Nowadays Data Analysts increasingly need to consume and process more and more data:
- For decision making
- To perform Machine Learning processes
- To produce regulatory reports
So they need to know very well all the information available in their organisation, as well as the relationships between the different information systems, which are increasingly more varied.
On the other hand, there are situations in which some organisational processes need to consume new data, for example, regulatory reports to which information would have to be added if a new system is deployed. Traditionally this would involve the need to modify the process that generates the regulatory report to add the data from the new system.
One of the most useful tools to carry out these tasks is the Metadata, which provides the means for identifying, defining, and classifying data within subject areas and enabling users and technologists to manage the context and the content in information systems. The problem is that in most organisations they are either not available or very poor. Fortunately, organisations are increasingly aware of their usefulness and launch projects and even programmes to have the necessary Metadata for a robust base on which data analysts can work, and also to develop processes that generate information dynamically without the need for new software deployments.
The main change that these organisations face are:
Improving the governance: in some organisations there is not a clear definition of processes to manage the information they handle. There is not a single point of view of information, there are no definitions of the different fields in the databases and sometimes it is not clear who is the owner of the data managed by an application. As a consequence, it is difficult to find data, there could be duplicated data, some reports could be incomplete and in general, the organisation does not control its own information, which is a very high risk.

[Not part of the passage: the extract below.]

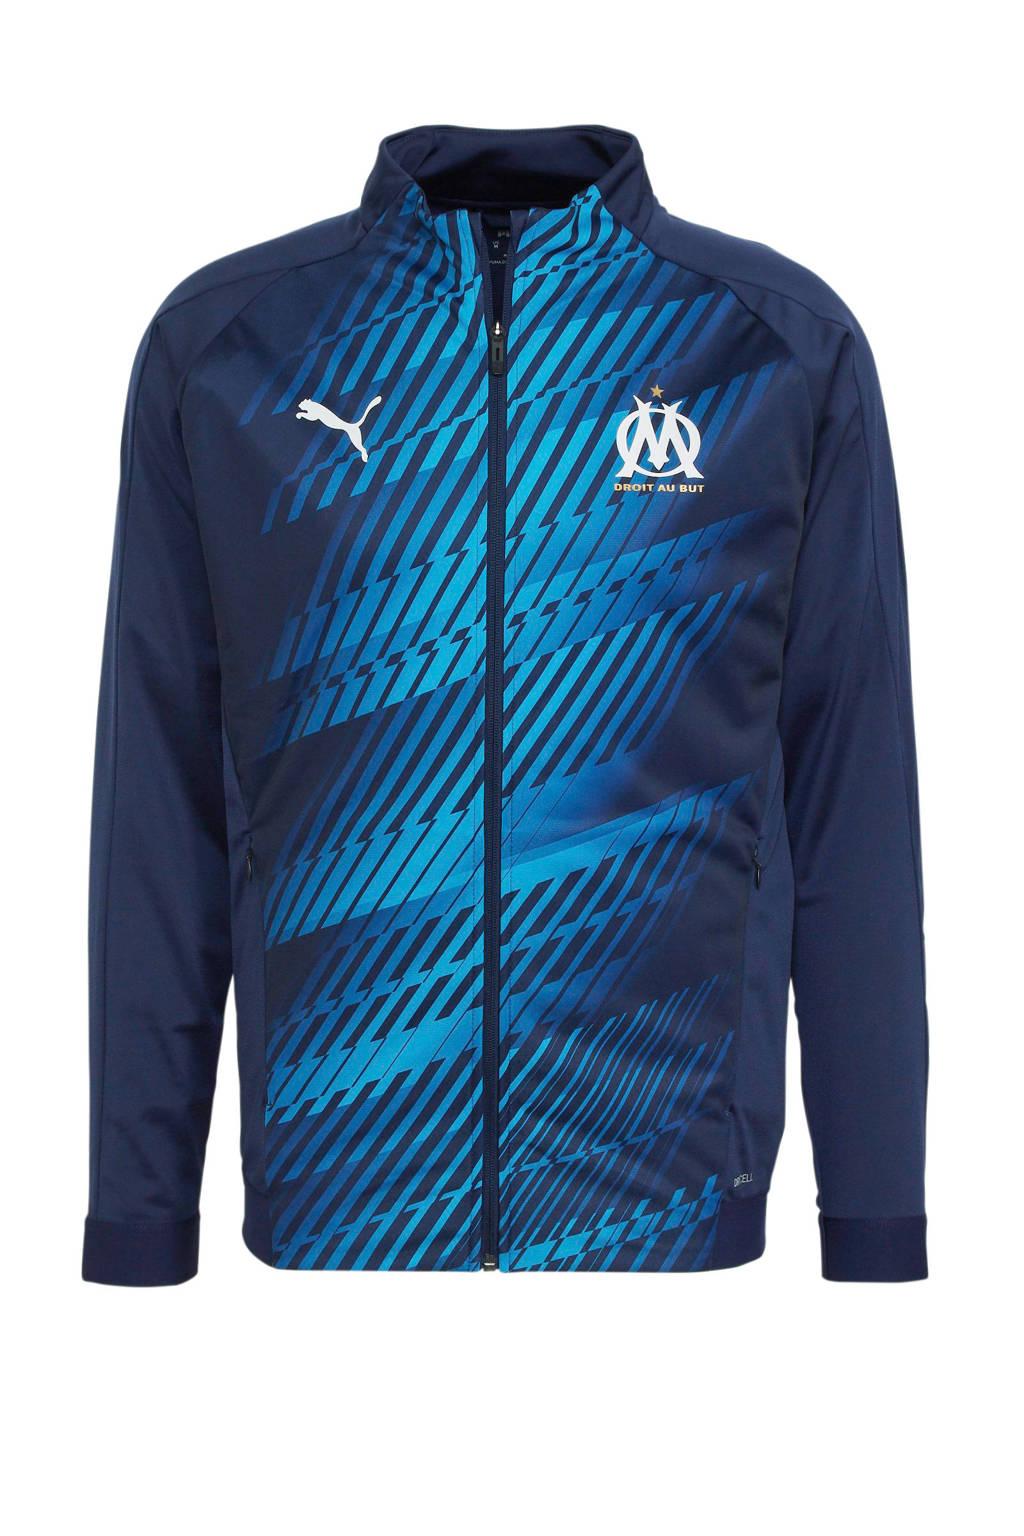 Puma Senior Olympique Marseille voetbaljack donkerblauw, Donkerblauw/blauw

At the end of the day, the governance of the metadata needs to help the organisation to be aware of all the information they have, and to understand the impact of adding new information or new applications into the organisation.
Improving the metadata itself: it is very rare to find an organisation that has defined and identified all the metadata they need for their operations. So there is a lack of knowledge on the information they handle. To improve this situation, that can be done while the governance is defined, they should identify which metadata will be needed and create an inventory of all of them.
As part of this metadata inventory, it is important to describe the way to get the value of those metadata. Unfortunately there are some cases where you may know which metadata you need, but you do not know the values to populate those metadata. In these cases a deeper analysis is needed to realise the best way to get the values.
The more basic approach in this case, is to get the knowledge from an expert in the domain so they can manually set up the values. The problem is that, in general it is difficult to find an expert and it is a high time consuming.
Another option is to infer the values based on the information existing in the fields under analysis. For example, if you want to know the data type of a field, you can run some comparisons to determine whether are dates, string, numbers, … And a more sophisticated option is to use Machine Learning processes to find out those values.
Improving the understanding: Once the organisation has a clear view of the metadata and the data they have, it is very useful to build a semantic layer or and ontology on top of that to allow seeing across the whole organisation in a homogeneous way.
By addressing these challenges the organisation will soon see many benefits and realise how worthy is this investment.